Board composition and role
The names and biographical details of the directors are given on Board of Directors and Operating Committee.
Changes to the composition of the Board since 1 April 2007 are set out in the table below:
| Former directors |
Date of change |
| Paul Reynolds |
14 September 2007 |
| Sir Christopher Bland |
30 September 2007 |
| Andy Green |
12 November 2007 |
| Margaret Jay |
13 January 2008 |
| John Nelson |
13 January 2008 |
| |
|
| New directors |
|
| François Barrault |
24 April 2007 |
| Sir Michael Rake |
26 September 2007 |
| Patricia Hewitt |
24 March 2008 |
| Eric Daniels |
1 April 2008 |
| Gavin Patterson |
1 June 2008 |
Ian Livingston becomes Chief Executive, BT Group on 1 June 2008. Ben Verwaayen steps down as Chief Executive on 31 May 2008 and leaves the Board on 30 June 2008.
The Board, which operates as a single team, will from 1 July 2008 be made up of the part-time Chairman, the Chief Executive, three other executive directors and
eight non-executive directors. All the non-executive directors during the 2008 financial year met, and continue to meet, the criteria for independence set out in the Combined Code and are therefore considered by the Board to be independent. The
Board considered that the Chairman was independent at the time of his appointment. In line with BTs policy, the Board comprised a majority of independent non-executive directors throughout the 2008 financial year.
The Boards main focus is overall strategic direction, development and control. It approves BTs values, business practice policies, strategic plans,
annual budget, capital expenditure and investments budgets, larger capital expenditure proposals and the overall system of internal controls, governance and compliance authorities. It also oversees controls, operating and financial performance and
reviews the risk register. These responsibilities are set out in a formal statement of the Boards role which is available at www.bt.com/board The
Board has agreed the corporate governance framework, including giving authority
to the key management committee, the Operating
Committee, to make decisions on operational and other matters. The roles and
powers of this Committee are set out below.

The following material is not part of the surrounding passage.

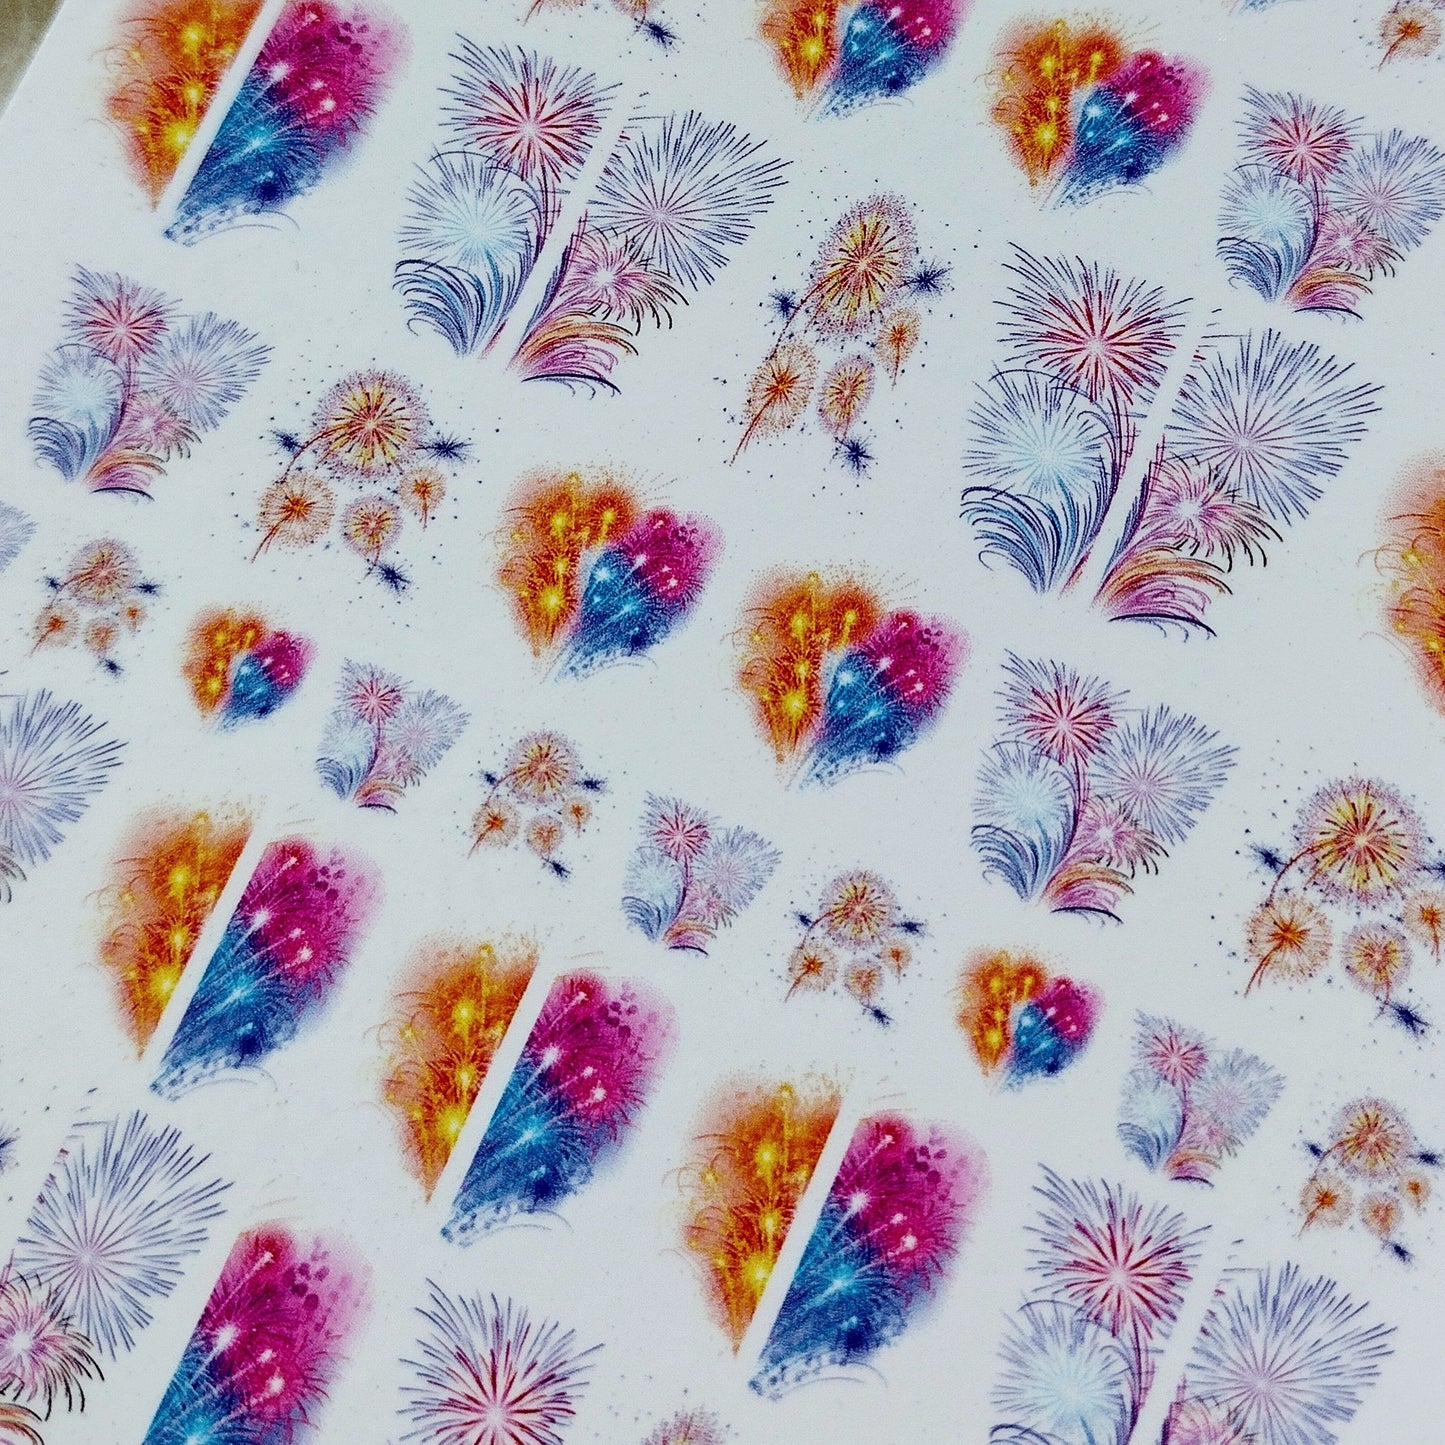 Firework Decals For Nails

The Board normally meets nine times each year. The Board met ten times during the 2008 financial year.
The roles of the Chairman and the Chief Executive are separate. They are set out in written job descriptions, approved by the Nominating
Committee. As well as chairing the Board, the Chairman consults the non-executive directors, particularly the Deputy Chairman, on corporate governance issues, matters considered by the Nominating Committee,
which the Chairman chairs, and the individual performance of the non-executive
directors. The Chairman and the non-executive directors hold regular meetings
at which they discuss matters without the executive directors being present.
With the Chief Executive and the Secretary, the Chairman ensures the Board is
kept properly informed, is consulted on all
issues reserved to it and that its decisions are made in a timely and considered
way that enables the directors to fulfil their fiduciary duties. The Chairman
ensures that the views of the shareholders are known to the Board and considered
appropriately. He represents BT in specified strategic and Government relationships,
as agreed with the Chief Executive, and generally acts as the bridge between
the Board and the executive team, particularly on BTs broad strategic direction.
The Chairmans other current significant commitments are shown in Board
of Directors and Operating Committee above. The Chief Executive has final executive
responsibility, reporting to the Board, for the success of the group.
The Secretary manages the provision of timely, accurate and considered information to the Board for its meetings and, in consultation with the Chairman and Chief
Executive, at other appropriate times. He recommends to the Chairman and the Chief Executive, for Board consideration where appropriate, corporate governance policies and practices and is responsible for communicating and implementing them. He
advises the Board on appropriate procedures for the management of its meetings and duties (and the meetings of the main committees), as well as corporate governance and compliance within the group. The appointment and removal of the Secretary is a
matter for the whole Board; for instance, the Board approved the change of Secretary from 1 April 2008.